Does she end up in the same school/class/parties as her daughter? You betcha. Does she get inadvertently high on drugs? Of course. Walk of shame? Check. McCarthy co-wrote the script with director Ben Falcone, who has been in some funny movies (Smiley Face) but has yet to make one. McCarthy can carry a picture but I'd proceed with caution on this one.

Double that for I Feel Pretty, the latest Amy Schumer flick about a self-conscious woman who suffers a head injury at the gym and wakes up convinced and confident that she's so supermodel-gorgeous her life can't help but be amazing. Schumer is a talent: witty, fearless, and socially conscious ... when she writes her own stuff (The Life of Amy Schumer, Trainwreck, and her stand-up comedy are all tight).

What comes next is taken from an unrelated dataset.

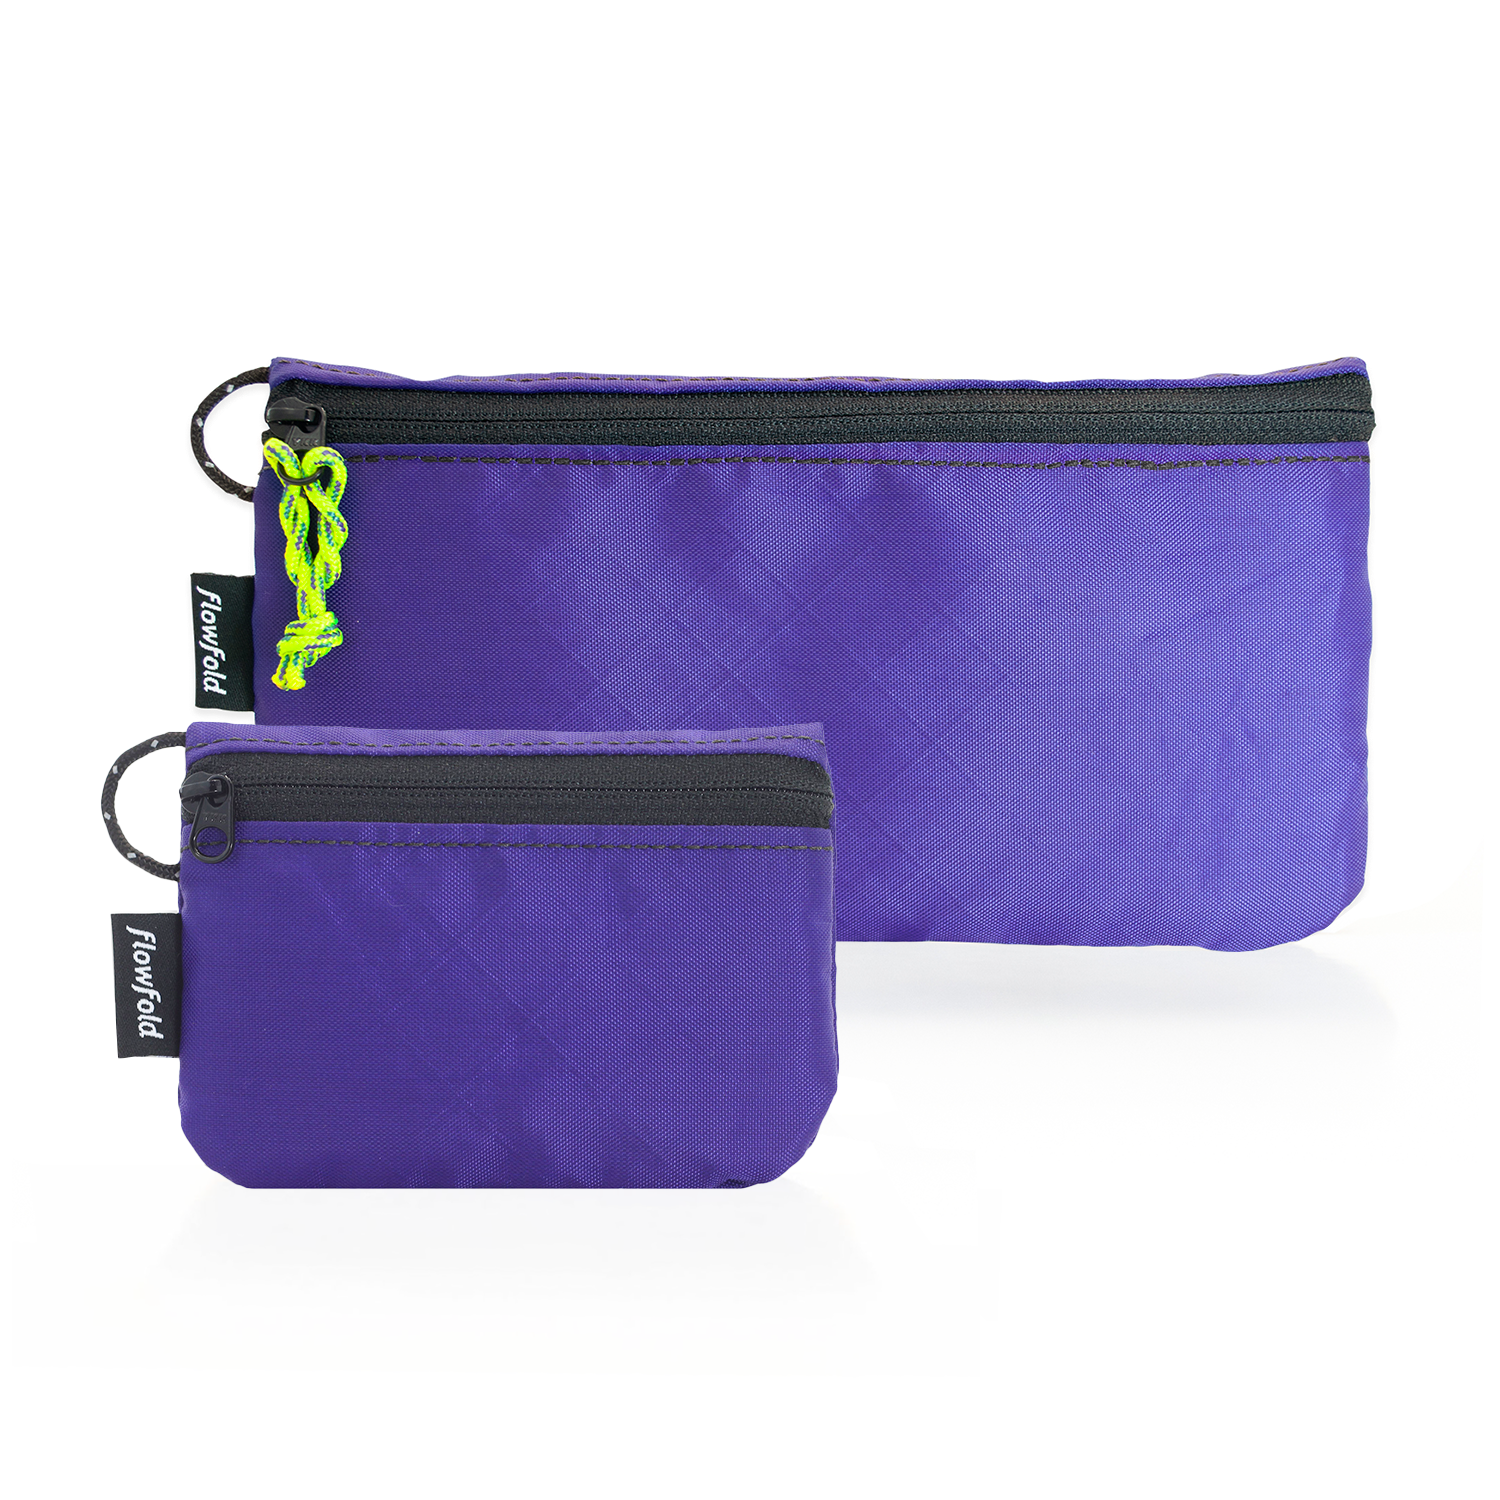 Flowfold Camden Kit: Creator Large Zippered Women's Wallet For Cash, Cards, and Phone + Essentialist Zipper Pouch, Recycled Purple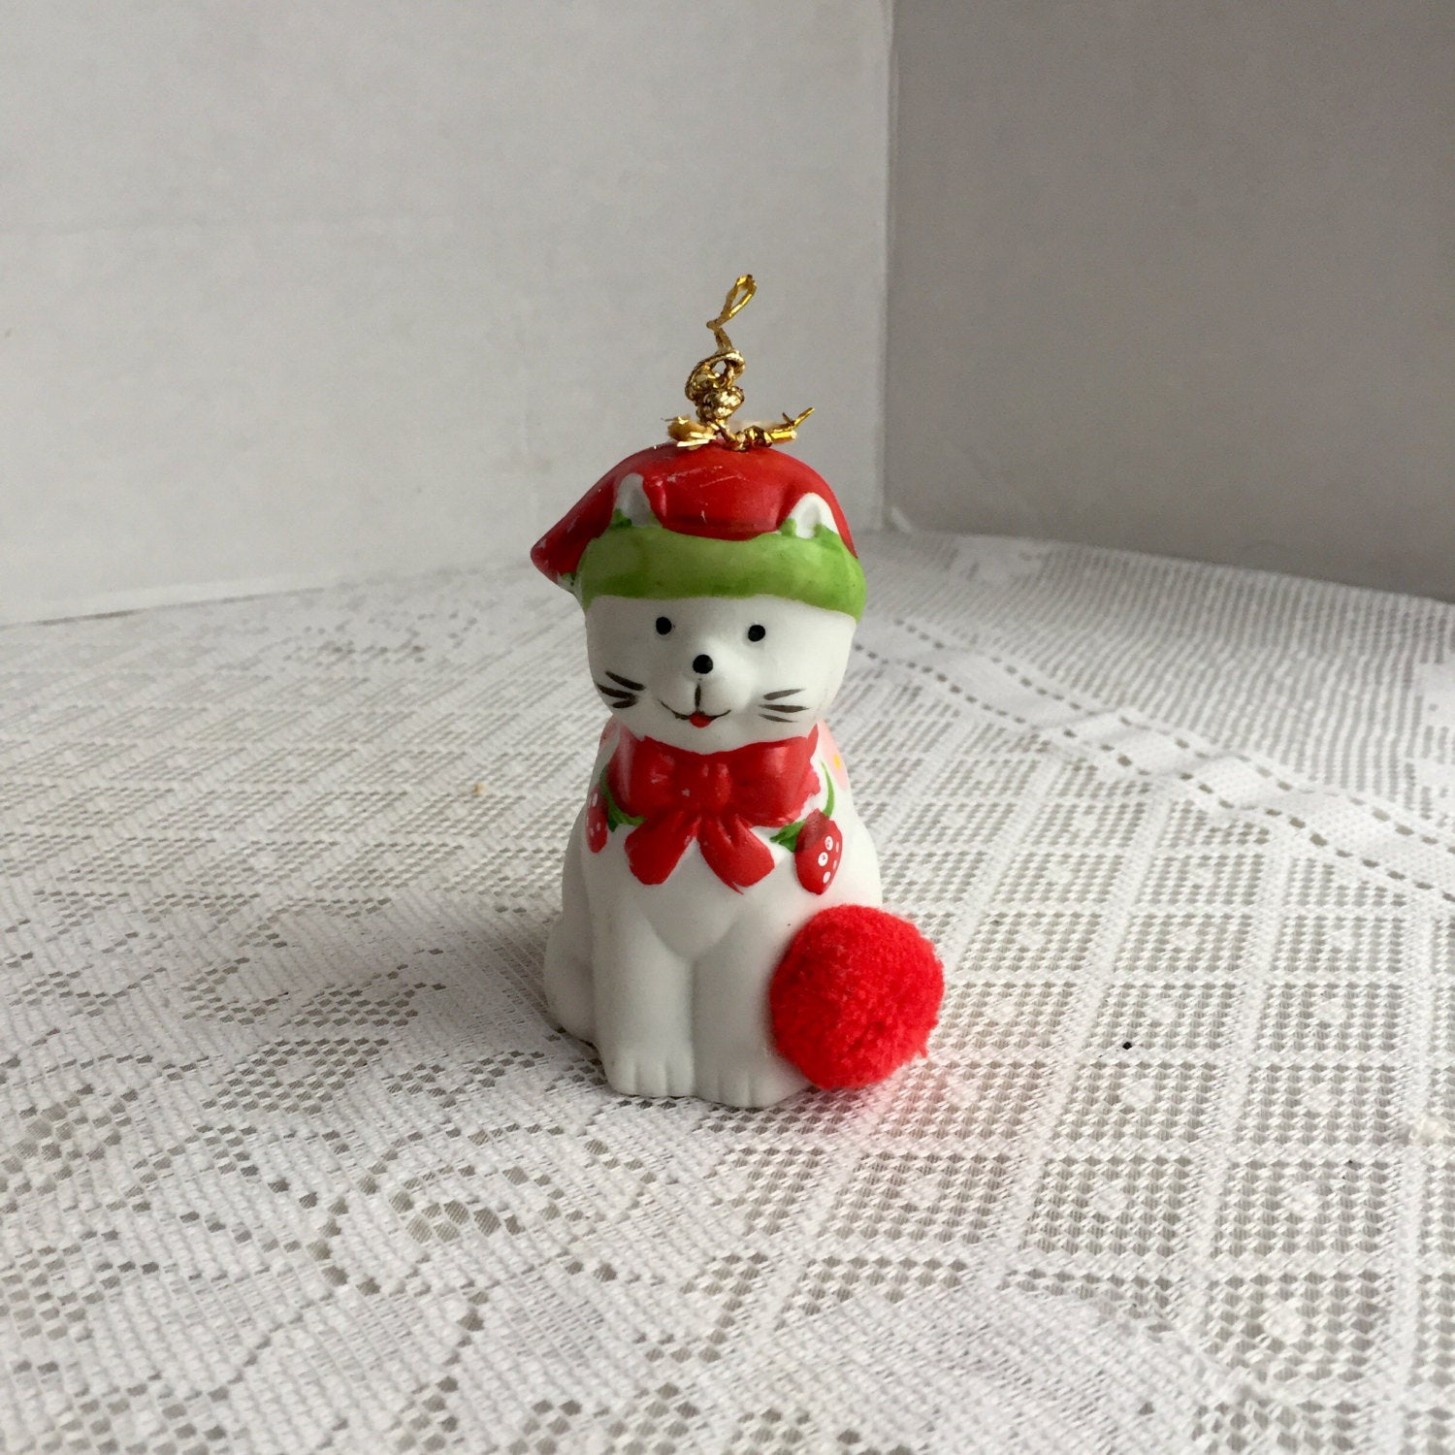 Vintage Ceramic Bell / Red And White Cat Figurine / Vintage Ceramic Christmas Tree Painting Cl Near Me

With lesser talents on the keyboard, however, she has faltered recently. And that is certainly the case here. You can see the message writer/director team Abby Kohn/Marc Silverstein (Valentine's Day, Never Been Kissed) were going for (inner beauty forever!), but they simply don't possess the nuance (or gusto) needed to pull an enlightening comedy out of a bunch of fat-shaming jokes with a tagged-on, faux-moralizing ending. Schumer is always good, everything else about this one is not.

And If you haven't checked it yet, A Quiet Place is still playing. It's tense, tight, and about the end of the world. Get some.